Two coworkers from the first coworking space

Did I invent coworking and how did it start?

Yes I invented coworking.

In 2005 I was working at a startup named Rojo and was unhappy with my job. Before that I had worked for myself doing consulting and traveling and hungered for the community a job can provide (more about what I was working on at Rojo I was working on one of the first web based RSS news readers, while before while traveling I lived in Thailand and was working on an open source P2P web browser and web stack named Paper Airplane). At that point I was confused because I had both worked for myself and worked at a job and was unhappy because I couldn't seem to combine all the things I wanted at the same time: the freedom and independence of working for myself along with the structure and community of working with others.

I started working with a Life Coach named Audrey Seymour while at Rojo to help me get unstuck and figure out where I wanted to go in my life (more details on Life Coaching Audrey and I actually worked on the phone for nearly a year and never met in person! Life Coaching was enormously helpful to me; Audrey had me imagine what my perfect day and then perfect year would look like, and then figure out the steps to make those real).

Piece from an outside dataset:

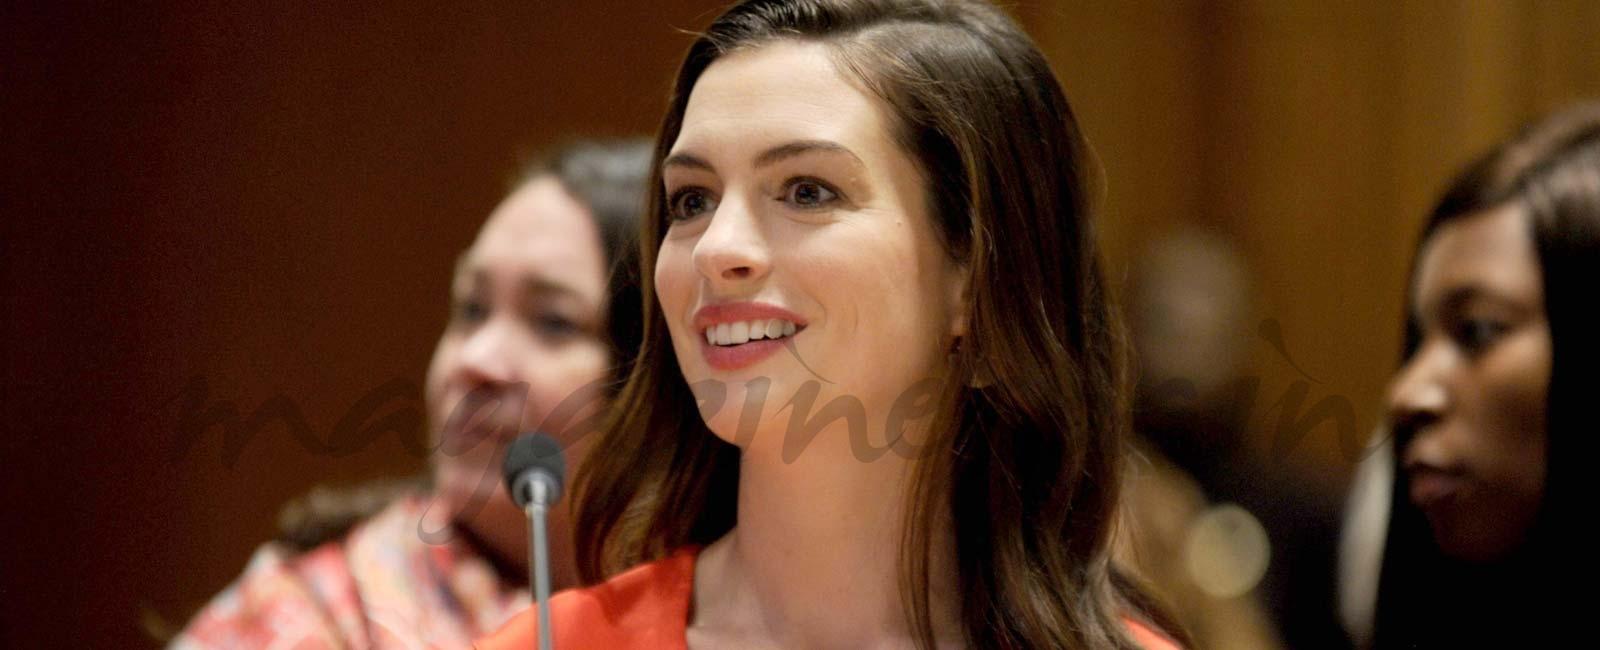 Anne Hathaway defensora del permiso postnatal

I came up with a three part plan: first, I would work on commercial open-source projects in order to provide money for me to work on one of my passions, which was open source; two, I would write articles for publications like O'Reilly on these open-source projects in order to raise awareness and focus on one of my other passions, writing and communicating; and finally, I decided to create a new kind of space to support the community and structure that I hungered for and gave it a new name: coworking.

Did Bernie De Koven have anything to do with the coworking name as applied to the coworking movement?

No. This is actually a major error on the Wikipedia page. When I coined the term coworking I did that independently of other terms. About a year and a half later while looking for a domain name for coworking for the coworking wiki I stumbled on coworking.com that was owned by Bernie De Koven. He knew nothing about the collaborative workspaces we were involved in. He had started an institute called the Coworking Institute that looked like it was trying to increase awareness of collaborative work techniques and technologies. Bernie and I briefly connected on the phone at that time and laughed about the fact that we had both chosen coworking to refer to the different things we were pursuing. We chose the same word to refer to different things that we were doing but in no way were our initiatives connected. Bernie's a great guy who's done interesting work but was unconnected with the rise of the coworking space movement.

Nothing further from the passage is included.